Billion-Dollar Deal Shows Entertainment
Marketing Potential
Clear Channel Communications, Inc.’s purchase of New York-based SFX Entertainment Inc. last week could tighten marketing ties in San Diego, where both companies have solid footholds.
Nationally, the $4.4 billion, mega-entertainment deal marks the entrance into the concert business for San Antonio-based Clear Channel, which is dominant in the media advertising industry.
In San Diego, Clear Channel owns eight stations, and programs and sells advertising for three others. It also owns outdoor advertising giant Eller Media Co., which has a large local presence.
SFX, considered the largest diversified concert promoter and producer with 120 live entertainment venues, signed an exclusive booking agreement with the San Diego Sports Arena last month.
The companies’ mingled resources in San Diego could make for lucrative advertising and programming deals.
“It makes it a little nicer for us when it stays in the family,” said Mike Glickenhaus, vice president and market manager for the FM stations Clear Channel owns in San Diego.
Among them are alternative station XTRA-FM, called 91X, KIOZ Rock 105 and KHTS Channel 933, with a Top-40 format. Nationally, Clear Channel operates 867 radio stations, 19 TV stations, and Premiere Radio Networks, which produces syndicated programming such as “The Rush Limbaugh Show.”
The “family” already works together in multiple ways. SFX’s radio division, called SFX Network, sells syndicated programming that sometimes appears on local Clear Channel stations, Glickenhaus said.
For advertising concerts, Glickenhaus expects to deal with all concert promoters. He describes the issue as “cut and dry,” based on a station’s demographics rather than its corporate connections.
SFX announced a few weeks ago that it is bringing pop-phenom Britney Spears to San Diego in August. KHTS, which has younger listeners, held a promotional weekend for it last month.
“Obviously Channel 933 is the station that makes sense to be involved in a Britney Spears show,” Glickenhaus said. “Whether it was an SFX or House of Blues show,” he continued, referring to another major concert company, “Channel 933 would still be the right station. We wouldn’t sell the spot to SFX any cheaper.”

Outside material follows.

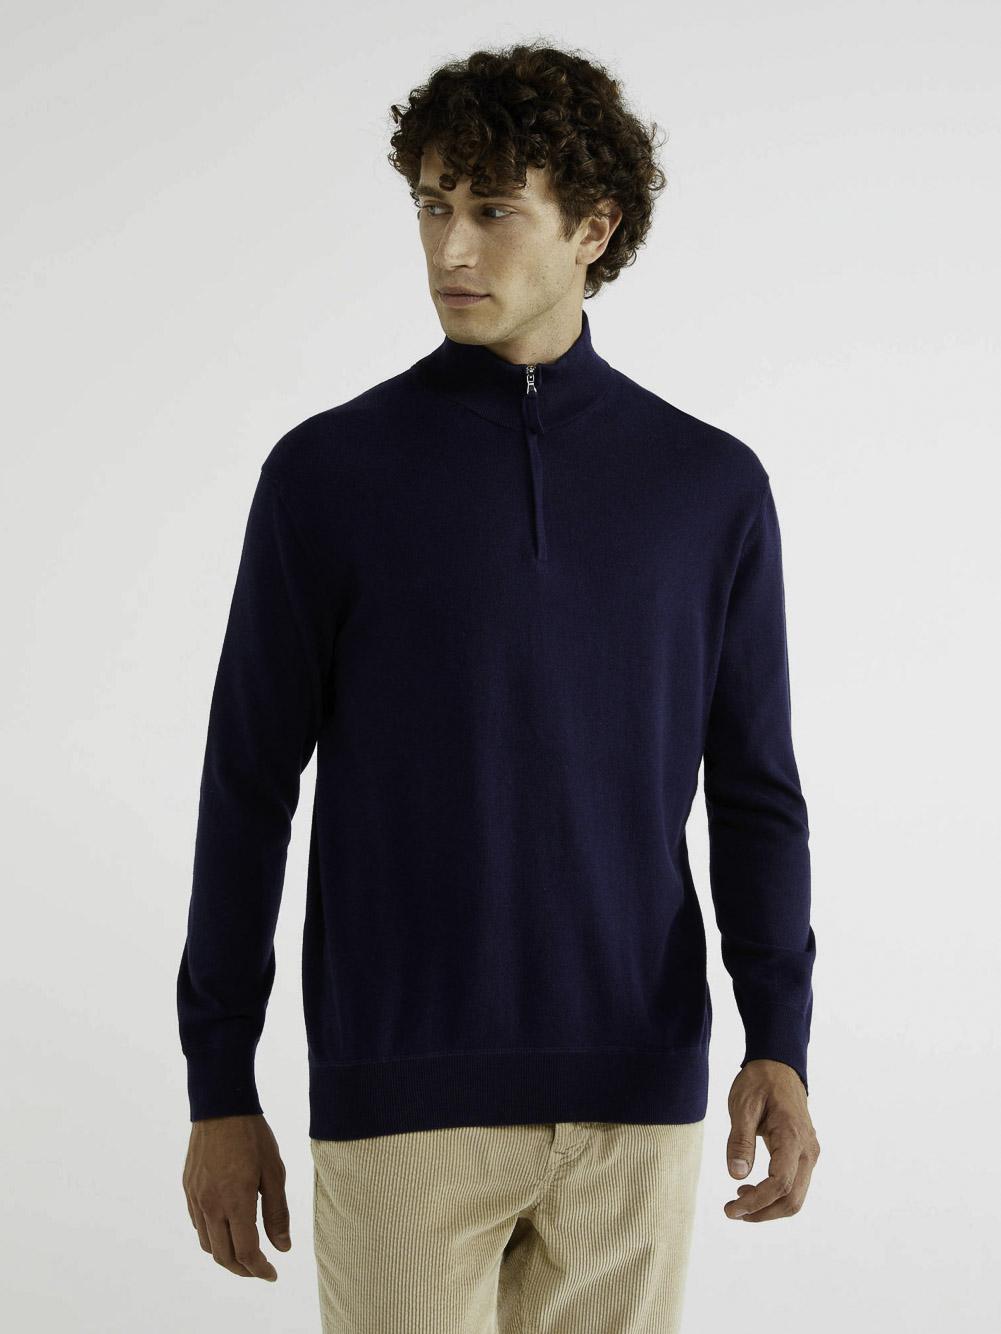 BENETTON Μπλούζα ζιβάγκο με φερμουάρ 1150K7106 20A016

The marketing possibilities are still being discussed by Clear Channel and SFX management, Glickenhaus said.
“You never say never, especially in this day and age,” he said. “There’s all kinds of ways to compound the sponsorship opportunities for an advertiser.”
One way could go beyond an advertiser simply sponsoring a venue and getting commercial airtime, Glickenhaus said.

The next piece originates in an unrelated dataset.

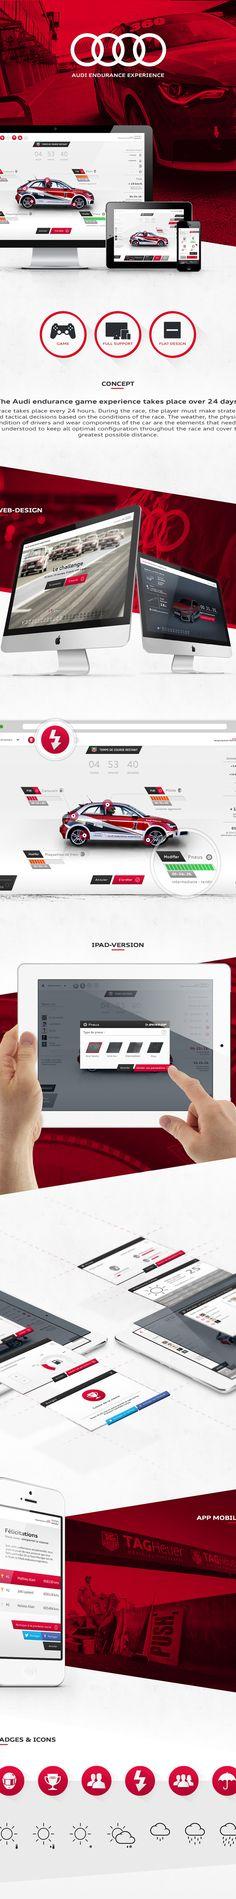 Audi Endurance Experience on Web Design Served

A more involved package could be advertisers sponsoring a concert and having a certain amount of radio advertising on multiple stations, signs at the venue and tickets for the advertisers to entertain their own clients, he said.
Sponsorship packages for concerts at the 13,700-person capacity Sports Arena are possible. The two-year booking agreement between SFX and the venue’s management company, Arena Group 2000 LLP, has them finding sponsors for the concerts and dividing the revenue, said General Manager Ernie Hahn II. Representatives from SFX did not return phone calls.
SFX’s Avalon Attractions currently handles the Sports Arena concert bookings from its Los Angeles headquarters.
For his part, Hahn is bullish on the merger.
“It can do nothing but enhance the relationship that we’ve already entered into (with SFX),” he said. “It just seems like it’s taken the relationship to the next level.”
Before his deal with SFX, Hahn’s company booked and promoted concerts in-house, buying advertising space on radio and other media.
Now, when SFX brings a concert to town, they buy the airtime, he said. Hahn expects that SFX will work with Clear Channel when possible, not that they didn’t before.
SFX will have more incentives than ever to work with Clear Channel, he said.
“They’re part of the same organization now,” he said.